By Sweetie Berry | Leave A Comment
American education has traditionally been built around the harvest seasons. It made sense when it began, children were to go to school when they could be afforded to be gone from the home. These were the days of survival for the fittest. If you didn’t sow the seeds well, you didn’t eat the next winter. Today’s educational reform could learn a lesson from the necessity of the harvest, except this time the future of our children is based on making sure the desire to learn and passion for creating is harvested, not the potatoes.
Children Love the Benefits of Learning
As a young public school teacher who always signed up for summer teaching for additional income I learned a valuable lesson. Children don’t want to stop formal learning and friendships three months of the year. It’s absolutely true. Schools in West Texas where I began my teaching years had year round school calendars. Teachers typically taught for six or seven weeks then had five to ten day holiday, then we returned to school year round. No one wanted to be away from that school…we loved the community of non-traditional learning we had created there. Hands on, creating, expectations high, failure allowed when trying, messy, fun learning that sparked our minds with hunger for more.
These days I’m a home school mom of our youngest, who is thirteen. As much as it took me a few years to learn to “unschool” my expectations for homeschooling, being a six and a half hour planned to the second former teacher, I embraced teaching her the way she learns and she began to love learning. Gone forever were the tears, boredom, and frustration over spending days in a system that didn’t work at her speed or level or method for learning. Personally as a public school teacher I came home kicking and screaming, “24/7 in solitary with a 8 year old continually?” We have four children, the others had fared very well in schools, public and private…but each child is different. After five years I am so regretful that I didn’t share this experience with all four of our children.
Learning With Passion Doesn’t End When School Does
This weekend we were at a tech conference with some of the brightest minds in America. Why? Because I wanted her to hear men and women excited about creating. Our friends at the conference were passionate about their lives. I wanted my teenager to see that in action. I could not have written a better script for my teen to hear when each and every speaker talked about the progression of brilliance. Prepare for success: work hard, learn as much as you can, study, experience everything, learn new roles in your life, , listen read to other who do what you’d like to, take part, explore, involve yourself, play with your ideas, create messes…..go after the learning that excites you. Impressive when the men and women involved were the tops in their field of technology development.

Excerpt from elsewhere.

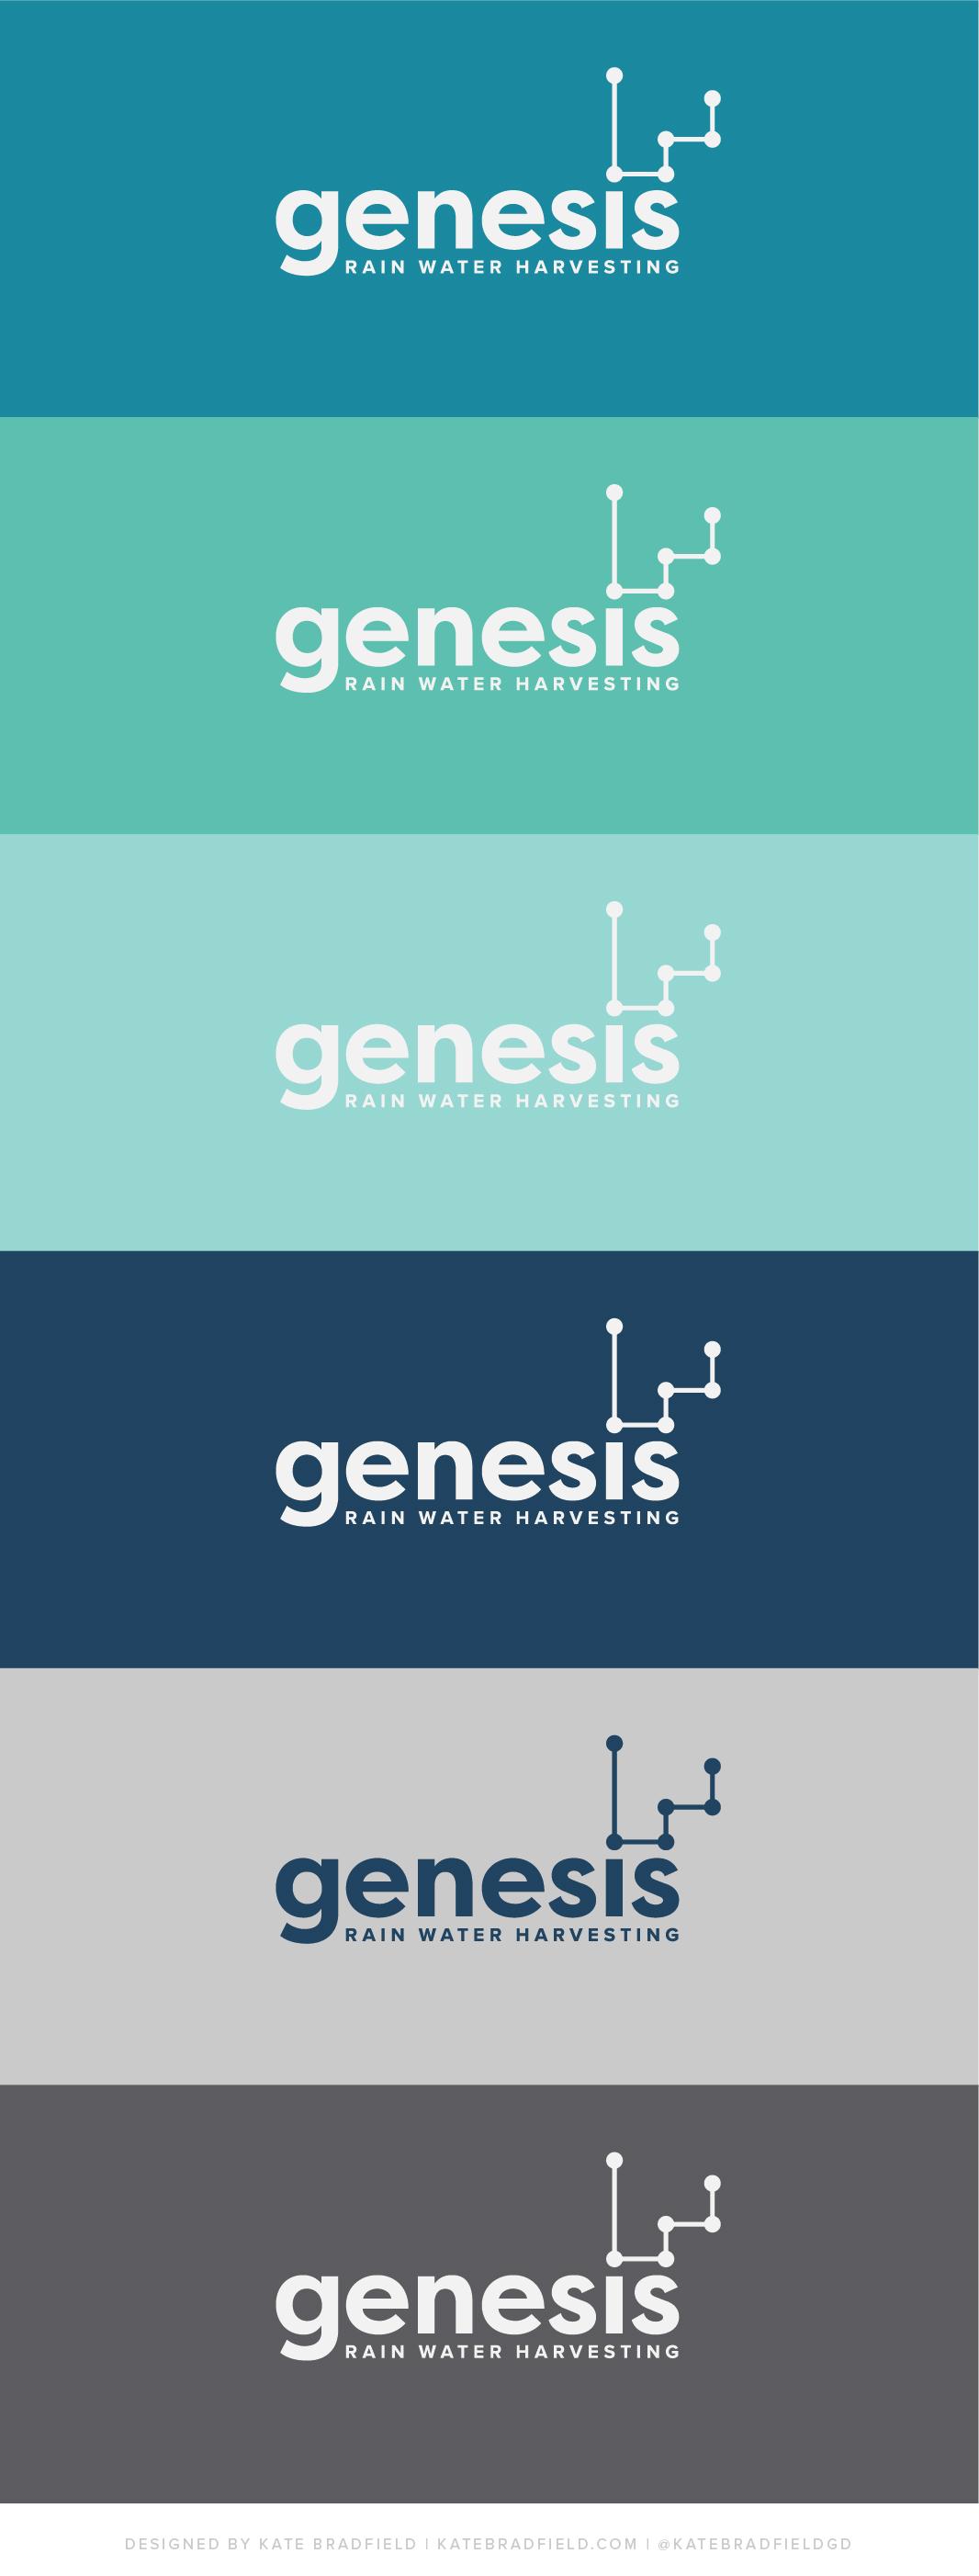 genesis_brand_guidelines-09.jpg

She knew them as rawk stars of her video games, iphone applications, and books she’s read (Rework, Linchpin, New Leadership) but she listened to them as learners who had discovered the joy of learning. She has been walking on air for 48 hours now, aware in a new way that her dyslexia is just a thing, not THE thing where she is concerned. Miracle of miracles, no less than 5 of her new heroes had found her and in casual conversation shared with her that they struggled with dyslexia in school, but it hadn’t halted them once they found their passion….they just took a different route to learn.
What are you learning with your children this summer? How can you engage the creativity and passion that is within you and your child together? What would you learn if you chose to?